Run it with the following bash script or edit /etc/init.d/logstash-forwarder to addapt the options as in here. You can manage spool-size from 1-100+ depending how much logs you index.

 [email protected]:~# cat logstash-forwarder.sh
 nohup /opt/logstash-forwarder/bin/logstash-forwarder -config=/etc/logstash-forwarder -spool-size=10 -log-to-syslog &

You can check if it’s working fine by looking at messages log.

[email protected]:/home/admin#  tailf /var/log/messages
Apr 13 09:54:32 host-05p logstash-forwarder[11095]: 2015/04/13 09:54:32.669446 Registrar: processing 66 events
Apr 13 09:55:00 host-05p logstash-forwarder[11095]: 2015/04/13 09:55:00.126108 Registrar: processing 34 events

ELK Architecture

ELK organization is defined as you want or need. In our case, we’ve 3 nodes to manage the elasticsearch cluster with logstash and kibana included. We’ve 2 hosts LSF sending via lumberjack over a master node with 2 ES instances in slave mode, one with store data and the input one has no store.

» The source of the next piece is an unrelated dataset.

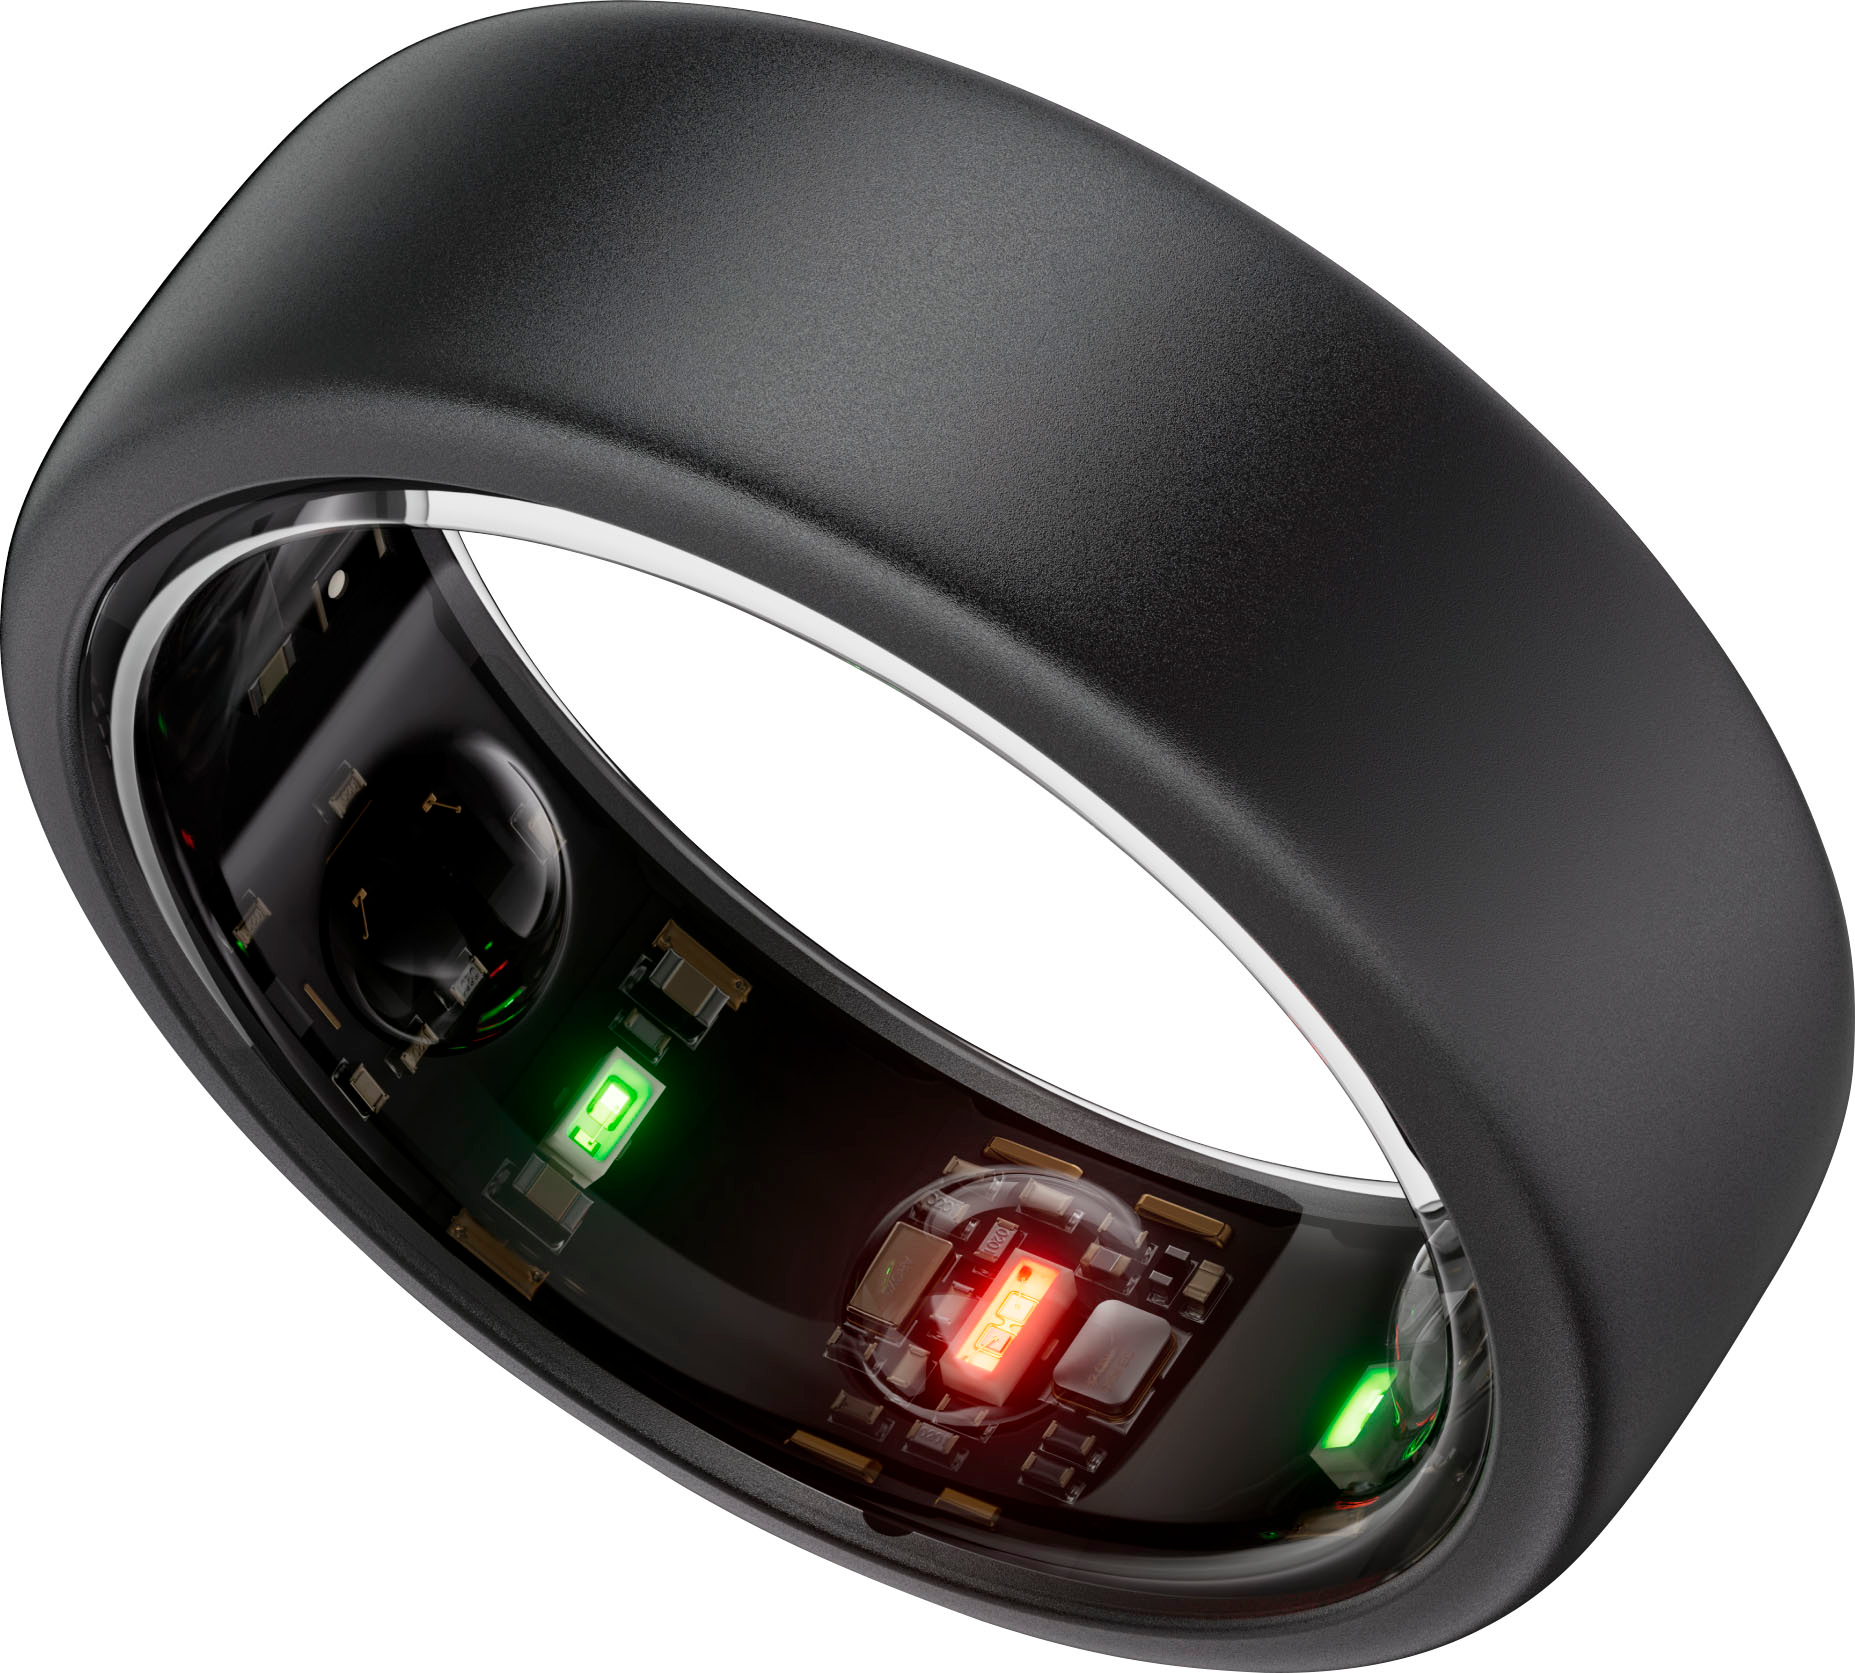 Oura's third-generation Ring is more powerful, but not for everybody

Then we’ve 2 more ES hosts, both data stored and one, acting as master and the third slave.

host-05P - LSF ---> |                                                                             |--> host-01P ES NODE2 MASTER
            	           | --- > host-01S - ELK (slave:slave) | ES NODE0 + NODE1 <--- |                                     
host-06P - LSF ---> |                                                                             |--> host-08S ES NODE3 - SLAVE 

Update: we’ve added a new Logstash input service to separate live and stage environment as a segmentation network done.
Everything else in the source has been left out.